The data below is drawn from Ministry reports, Press Information Bureau releases, Budget documents, and National Health Authority figures published through January 2026.
Quick Reference: All 10 Schemes at a Glance
The table below provides a snapshot of all ten schemes covered in this article — ministry, launch year, primary beneficiary group, and the scale of coverage as of January 2026.
| # | Scheme Name | Launch Year | Primary Beneficiaries | Scale (Jan 2026) |
|---|---|---|---|---|
| 1 | PM Jan Dhan Yojana | 2014 | Unbanked citizens | 54.1 crore accounts |
| 2 | Ayushman Bharat – PM-JAY | 2018 | Bottom 40% of population | ~55 crore beneficiaries |
| 3 | PM Awas Yojana (Urban + Rural) | 2015 / 2016 | EWS / LIG / rural homeless | 4.21 crore houses sanctioned (Urban) |
| 4 | PM Kisan Samman Nidhi | 2019 | Small & marginal farmers | 9.3 crore active farmers |
| 5 | PM SVANidhi Yojana | 2020 | Street vendors | 68 lakh+ loans disbursed |
| 6 | PM Ujjwala Yojana | 2016 | BPL women (rural) | 10.3 crore connections |
| 7 | PM Gram Sadak Yojana | 2000 | Rural unconnected habitations | 8.07 lakh km roads built |
| 8 | National Scholarship Portal Schemes | 2015 (portal) | SC / ST / OBC / minority / EWS students | 1.25 crore+ scholarships/year |
| 9 | Ayushman Bharat Digital Mission | 2021 | All citizens (digital health ID) | 63 crore+ ABHA IDs created |
| 10 | PM Surya Ghar Muft Bijli Yojana | 2024 | Residential households | 1 crore target; 55 lakh+ registered |
Each scheme is covered in detail below, including eligibility criteria, benefit amounts, and key data points as of January 30, 2026.
1. Pradhan Mantri Jan Dhan Yojana — The Backbone of Financial Inclusion
Launched on August 28, 2014, the Pradhan Mantri Jan Dhan Yojana is the world's largest financial inclusion initiative.

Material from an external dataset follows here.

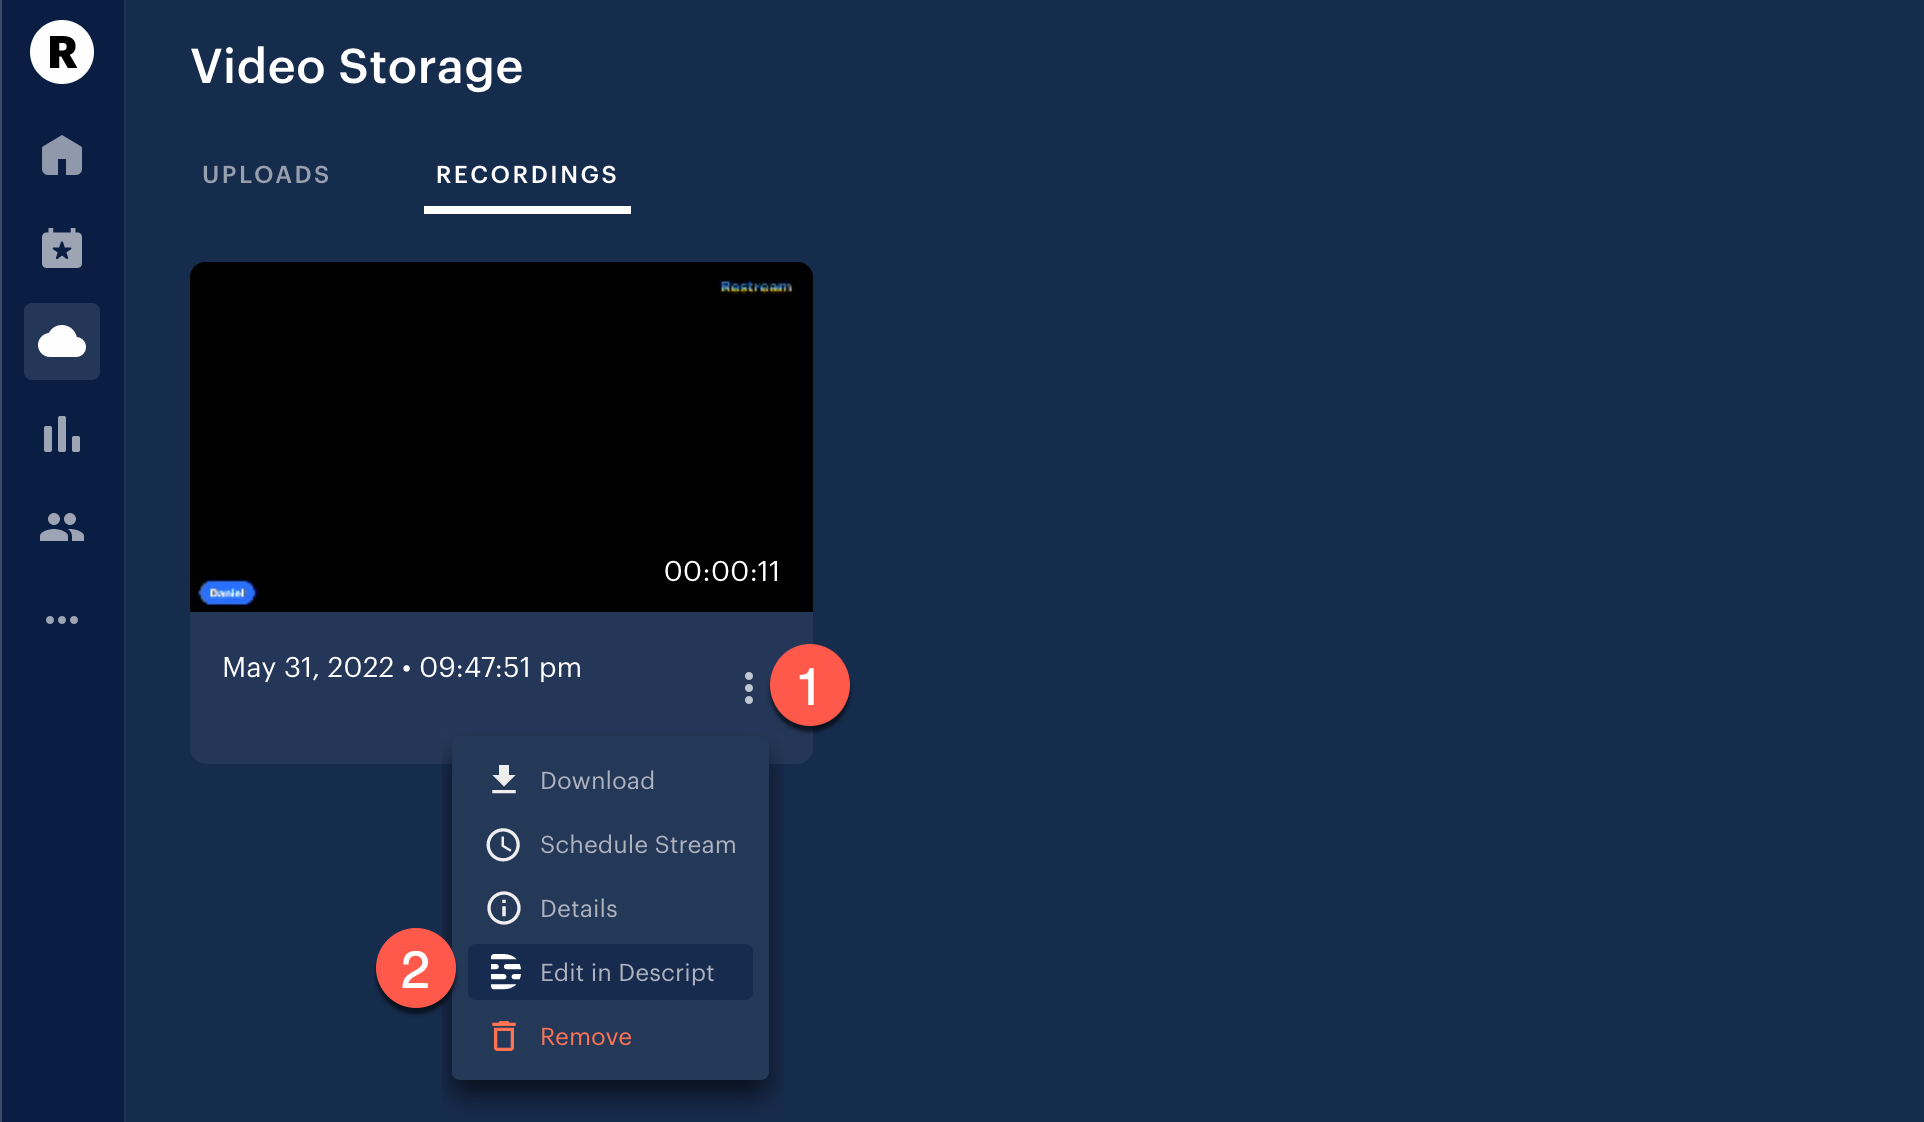 Video_Storage_Page_V03.png

It allows any Indian citizen to open a zero-balance savings account at any bank branch or Business Correspondent outlet. Before PMJDY, an estimated 40 percent of the adult population had no access to formal banking. The scheme changed that by removing the minimum balance requirement that had been the single biggest barrier for low-income households.
The scheme's most transformative impact has been as the backbone for Direct Benefit Transfer. Over ₹38 lakh crore in government subsidies and welfare payments have been transferred directly into Jan Dhan accounts since the scheme's launch, eliminating the layers of intermediaries through which much of this money was previously lost to leakage and corruption. The DBT system linked to PMJDY is estimated by the DBT Mission to have saved the exchequer over ₹3.48 lakh crore in plugged leakages cumulatively through 2025.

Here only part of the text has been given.